Let's check wether amount of clicks is gaussian distribution.
```{r}
ggplot(dt_cleaned, aes(x=No_clicks, fill=Version)) + geom_density(alpha=0.3) + theme_bw()
```
```{r}
ggplot(dt_cleaned, aes(x=No_clicks, fill=Version)) + geom_density(alpha=0.3) + theme_bw() + scale_x_log10()
```
```{r}
#nortest
qqnorm(filter(dt_cleaned, Version=='Interact')$No_clicks, cex=0.5)
qqline(filter(dt_cleaned, Version=='Interact')$No_clicks, col = 2)
```
Statistical tests for normality can be easily formulated in the framework of hypothesis testing. The null hypothesis is that the data is normally distributed. Here is the catch: we assume it by default, we are not trying to prove this. Basically, we can only reject (or accept) the hypothesis that data is not statistically distributed (if it is not significant, it is either normally distributed or we do not have enough data to reject it).
```{r}
ad.test(filter(dt_cleaned, Version=='Interact')$No_clicks)
```
```{r}
shapiro.test(filter(dt_cleaned, Version=='Interact')$No_clicks)
```
What to do when the data is not gaussian (not normally distributed)? There are two large groups of tests: parametric - they have assumptions about distributions, and non-parametric, where you can forget about the distribution assumptions. However, it comes with a catch - often their power is lower. We can use wilcoxon test for normality instead of t-test (as the Normality assumption is not fulfilled):
```{r}
wilcox.test(No_clicks ~ Version, data=dt_interact_connect)
```
Or we can use transform No_clicks to log10:
```{r}
dt_interact_connect <- dt_interact_connect %>%
mutate(log_clicks = log10(No_clicks))
```
```{r}
wilcox.test(log_clicks ~ Version, data=dt_interact_connect) # same result
```
Let's try to change the hypothesis. Let's check only those clicks on the objects, when the Visibility=TRUE. What are the results?
```{r}
dt_interact_connect_visible <- dt_interact_connect %>%
filter(Visible==TRUE)
wilcox.test(log_clicks ~ Version, data=dt_interact_connect_visible)
```
Currently, we do not have the possibility to plan the experiment and make decisions about the sample sizes. In real-life, you first need to calculate how many samples you need with respect to significance, power and effect size:
```{r}
pwr.t.test(d = 0.2, power=0.8)
```
##Test of proportions
The hypothesis that in general one version of the page is more clicked than another one is quite optimistic. Let's narrow down our hypothesis. What if we want to check whether the number of times clicked on this component (*Connect) out of all clicks to this page is signifcantly better (worse) than the same proportion of clicks in the default version (Interact)? Here we test proportions.
```{r}
total_clicks <- group_by(dt, Version) %>%
summarise(total = sum(No_clicks)) # total number of clicks
dt_button <- filter(dt, Name %in% c("SERVICES", "HELP", "LEARN","CONNECT", "INTERACT")) %>%
# choose only areas we focus
left_join(total_clicks, by = "Version") %>%
mutate(proportions = No_clicks/total)# combine
dt_button
```
The assumption is that the two groups are mutually exclusive. In other words, a user can only see one of the versions.

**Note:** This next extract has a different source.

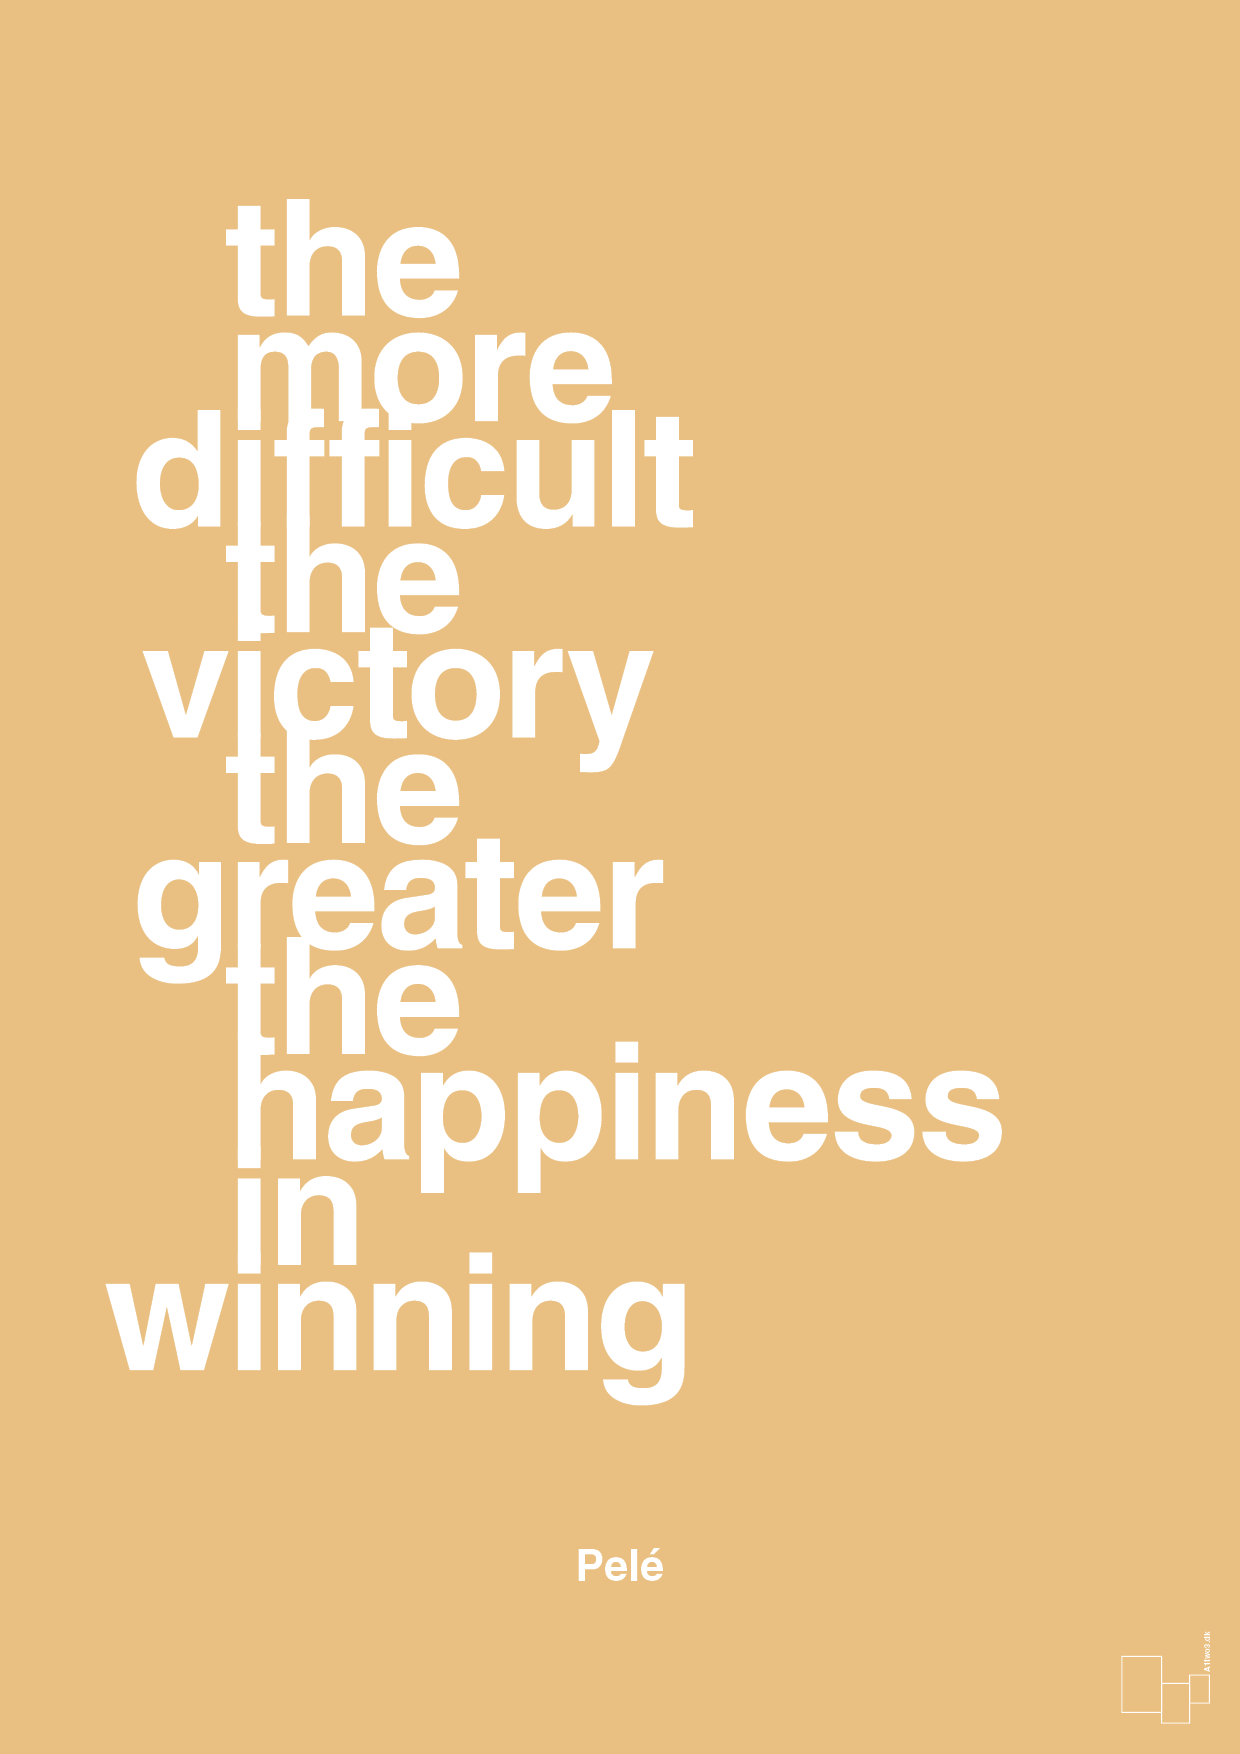 the more difficult the victory the greater the happiness in winning - Plakat med Citater i Charismatic
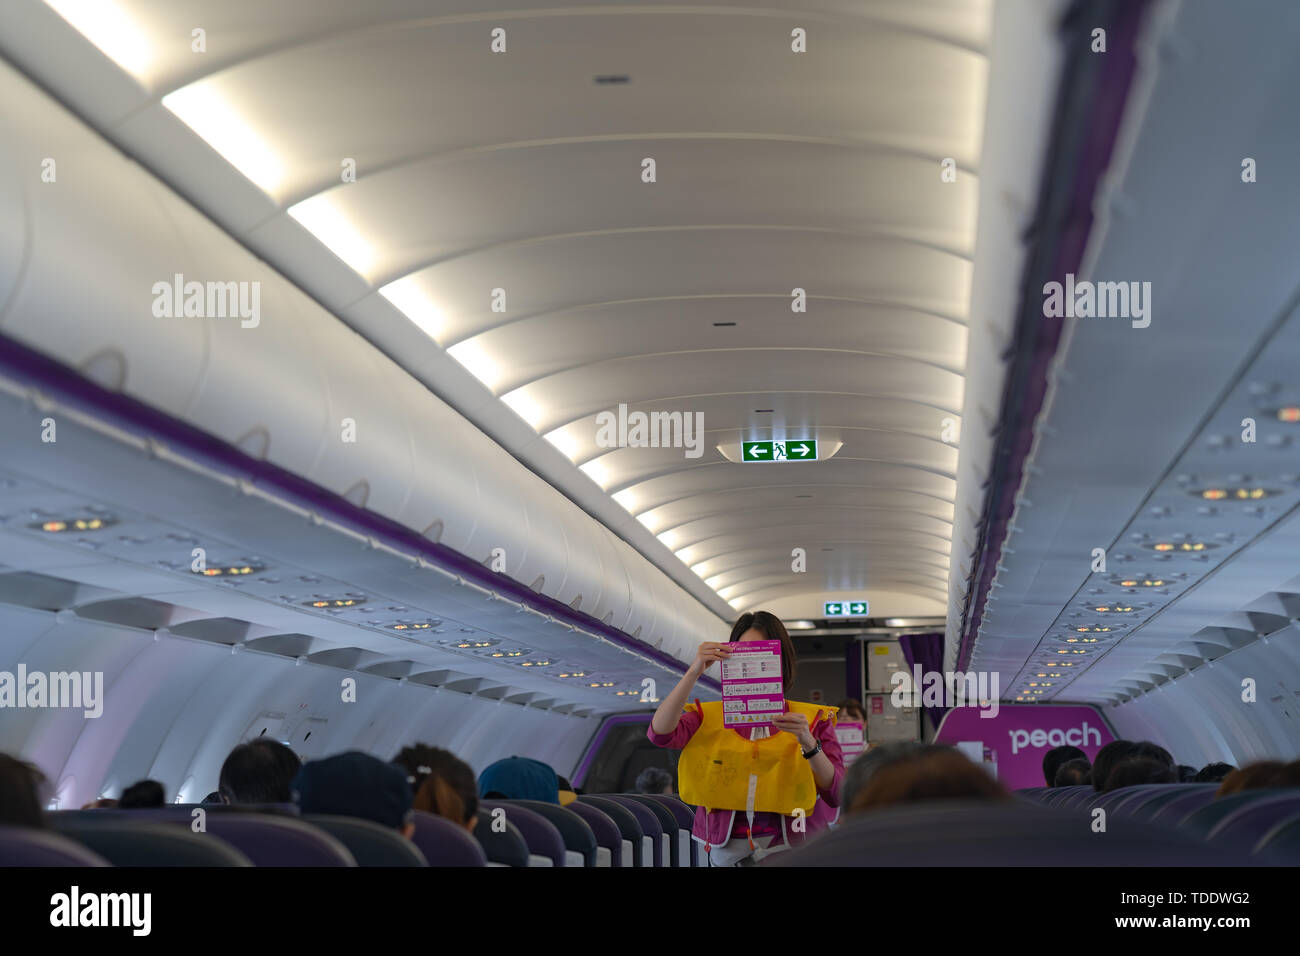 Airbus A320-200 aircraft cabin by Peach Aviation, a budget carrier based in Japan. Stock Photo

Null hypothesis is that the proportions are equal in both groups.
```{r}
prop.test(x=dt_button$No_clicks[c(1,2)], n=dt_button$total[c(1,2)])
```
And the power of the samples:
```{r}
power.prop.test(n=dt_button$total[c(1,2)], p1=0.01130856, p2=0.03339635)
```
```{r}
pwr.2p2n.test(h=0.1, power=0.8, n1=3714)
```
There are many tests, but all of them fit into the general framework!